■ **TASK STATEMENT**:
Without its pictures, the listing below is to be transcribed exactly.

■ **STORED DATA**:
================================

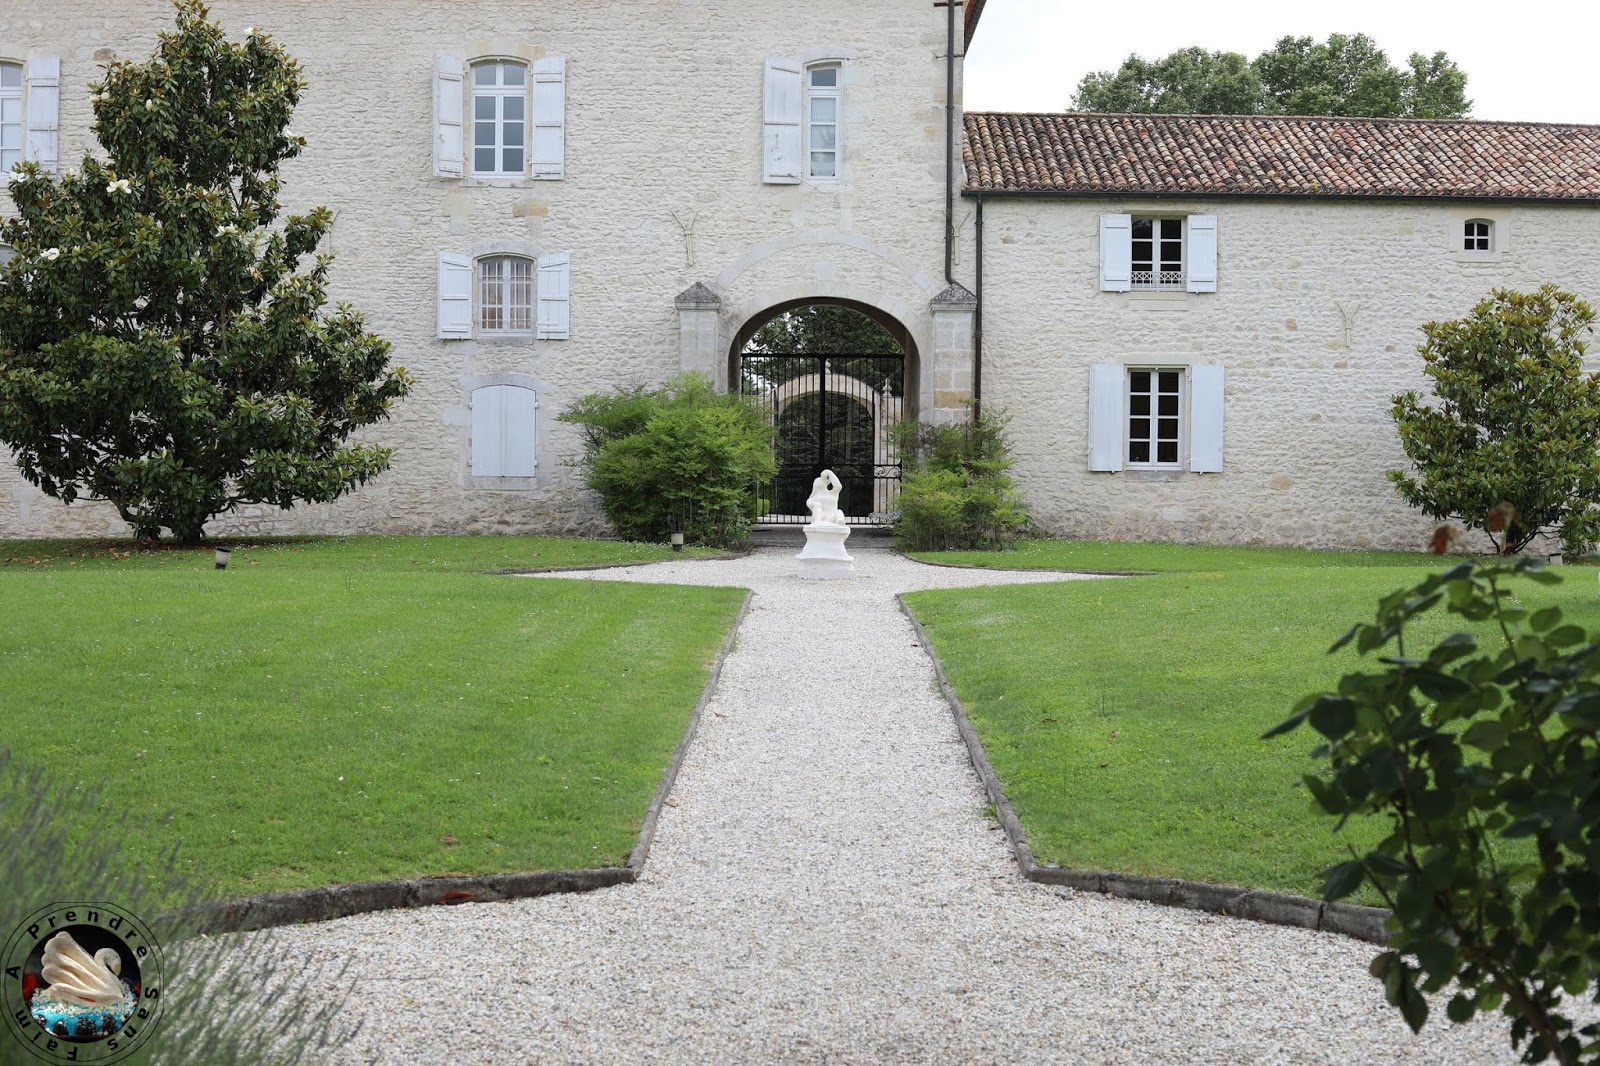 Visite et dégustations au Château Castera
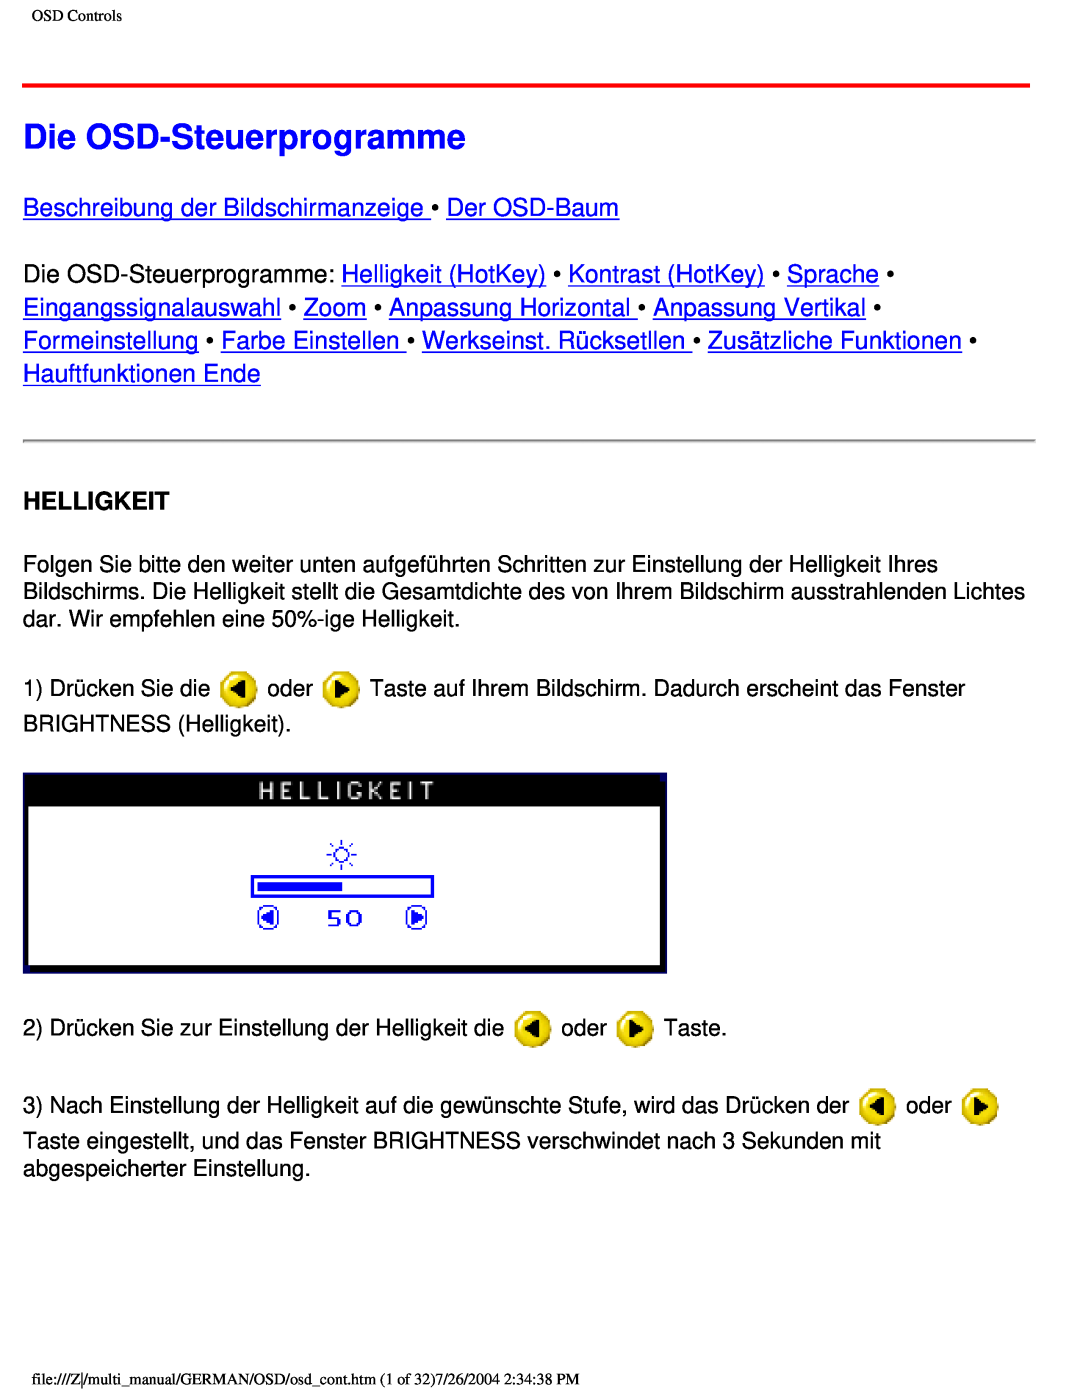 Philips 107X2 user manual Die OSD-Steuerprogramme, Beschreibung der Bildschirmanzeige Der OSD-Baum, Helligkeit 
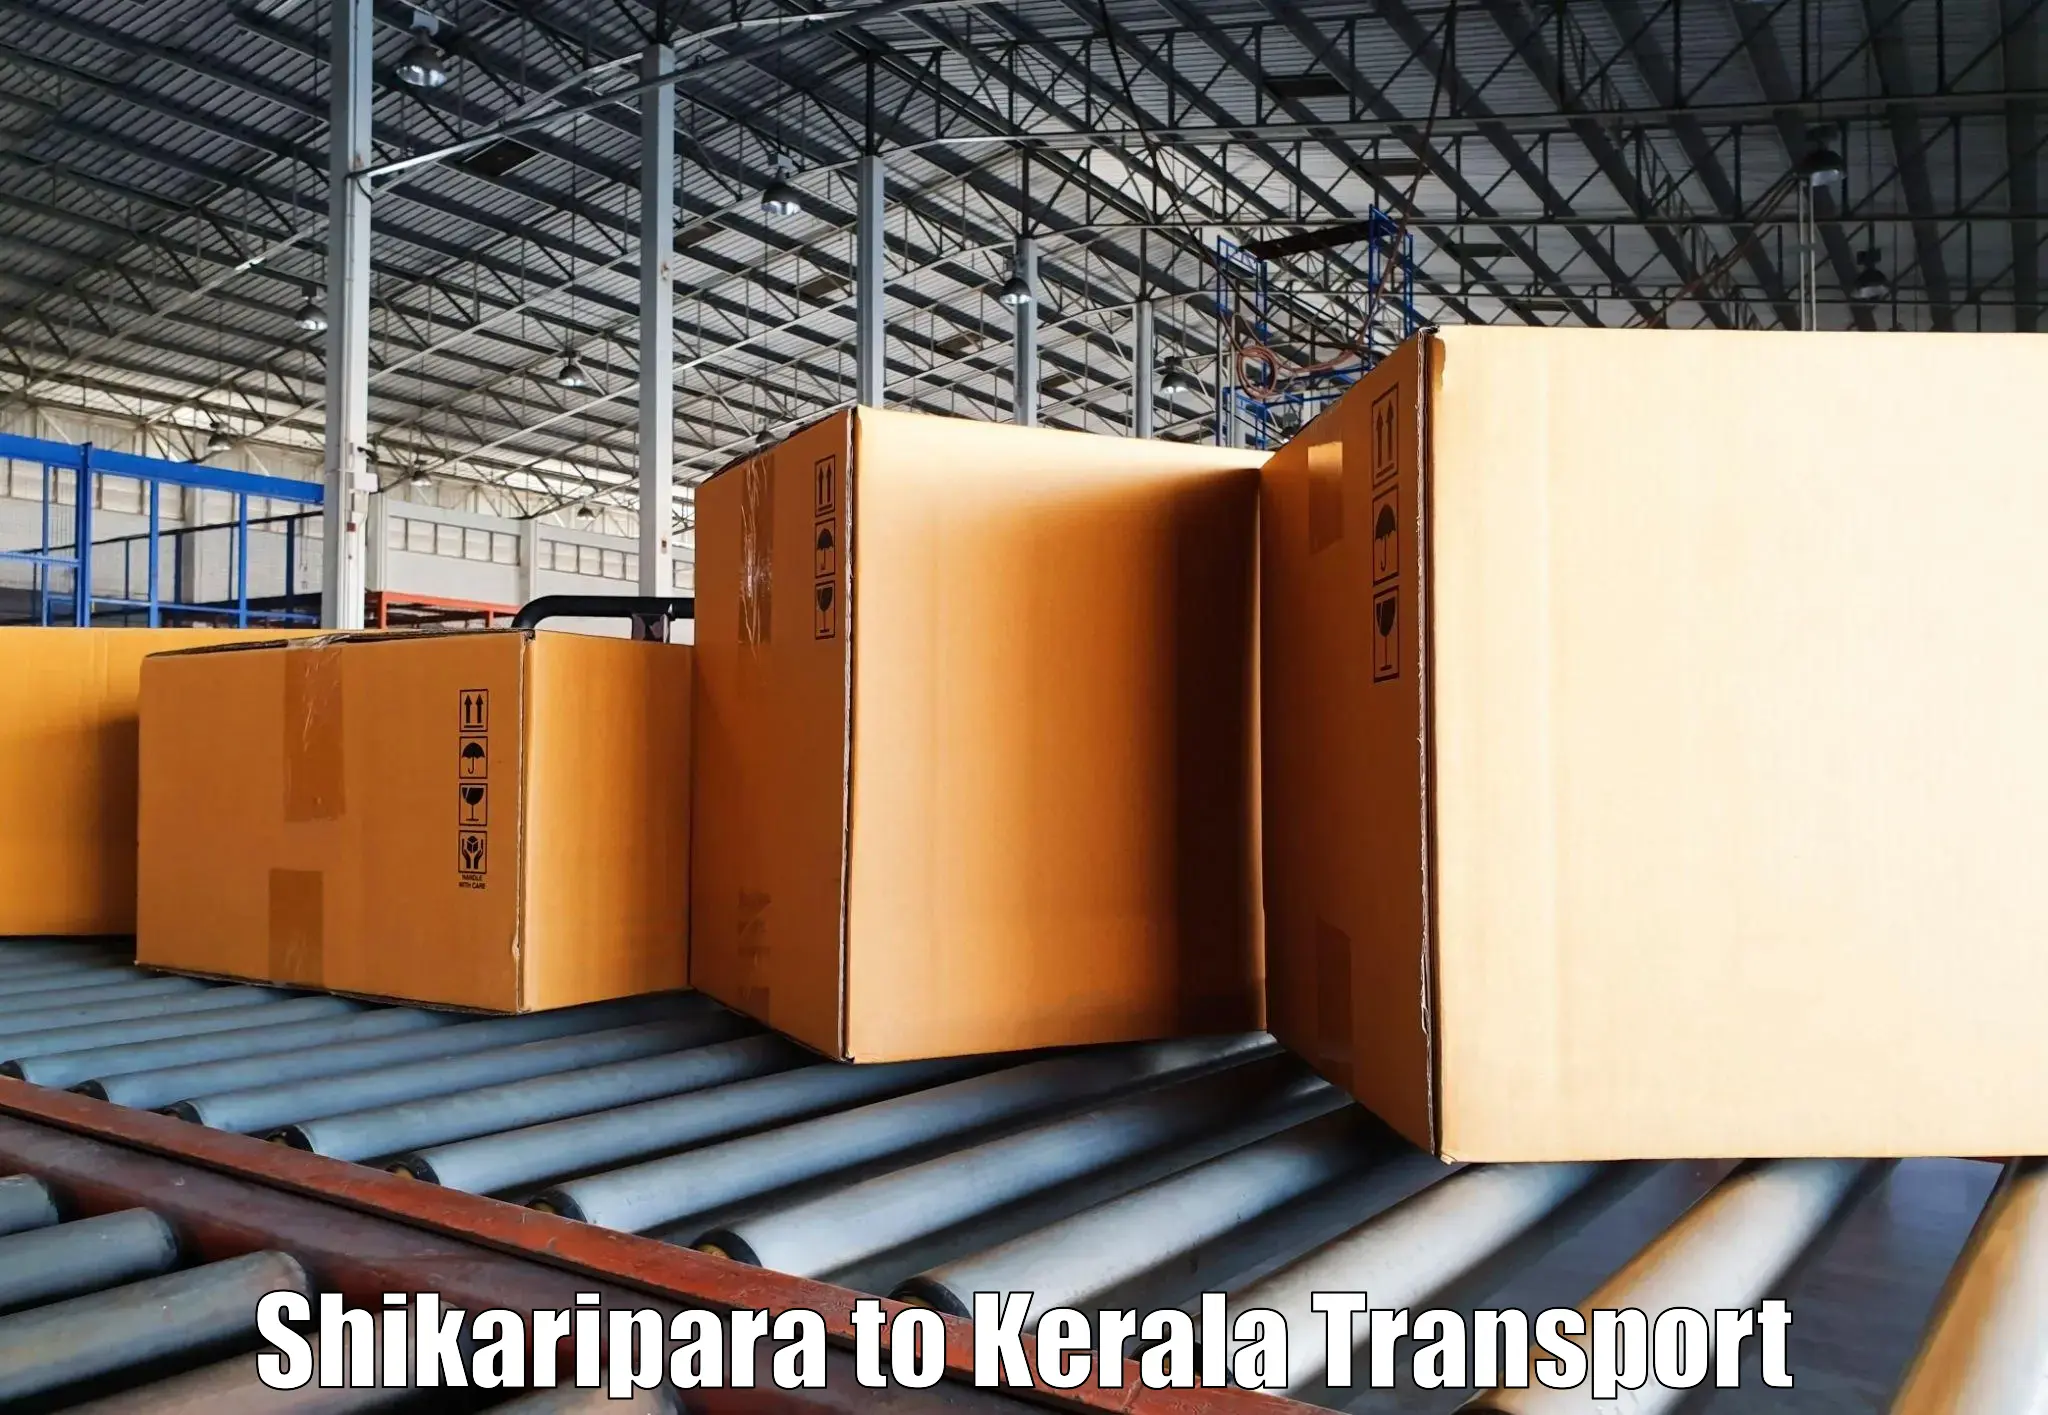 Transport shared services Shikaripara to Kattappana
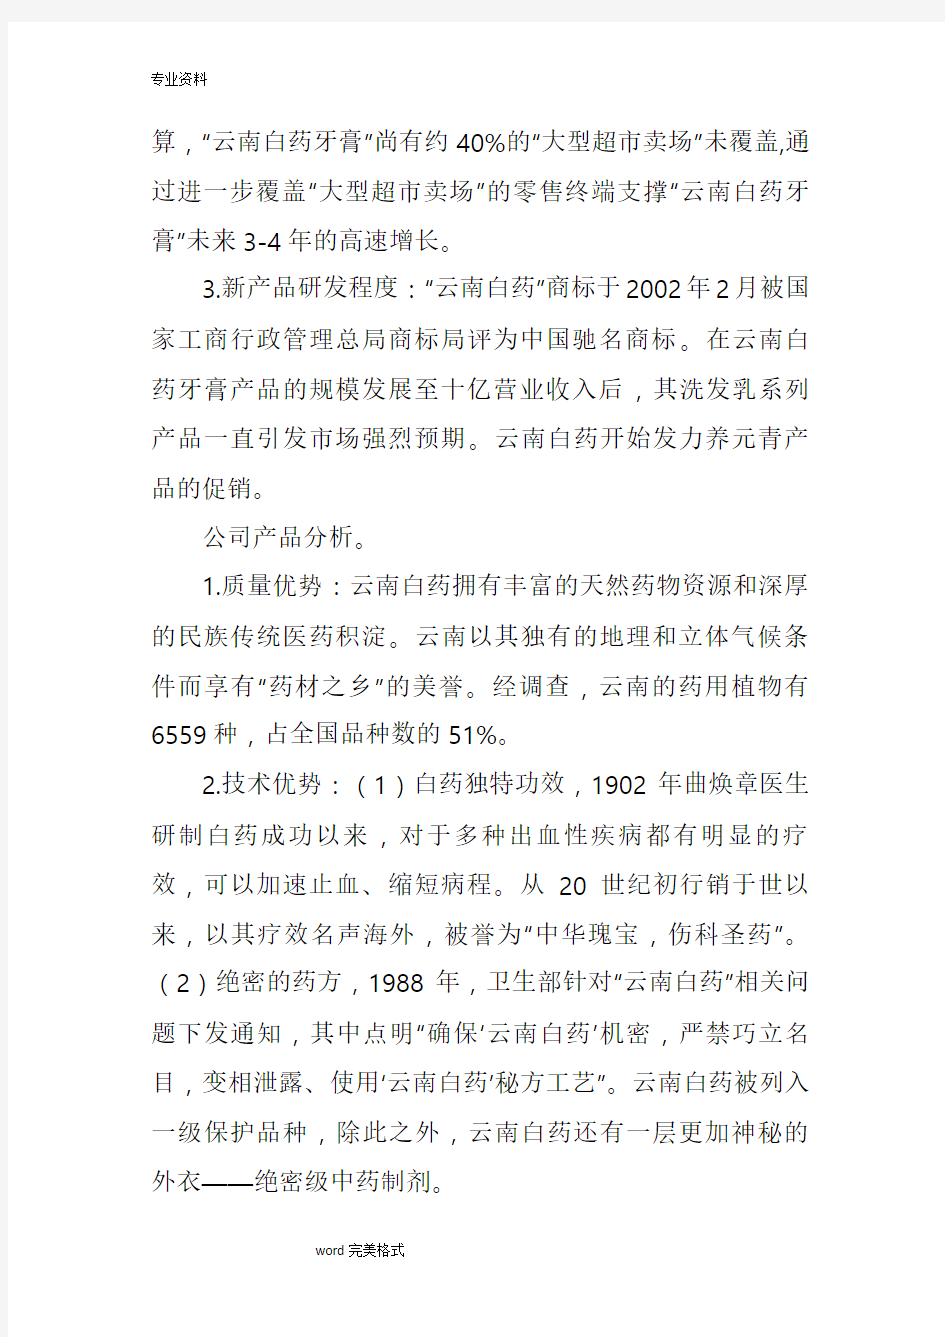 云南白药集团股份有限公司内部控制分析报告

================================

■ **SOLUTION TO THE EXERCISE**:
 Visite et dégustations au Château Castera
 Philips 107X2 user manual Die OSD-Steuerprogramme, Beschreibung der Bildschirmanzeige Der OSD-Baum, Helligkeit 
 Transport shared services Shikaripara to Kattappana
 云南白药集团股份有限公司内部控制分析报告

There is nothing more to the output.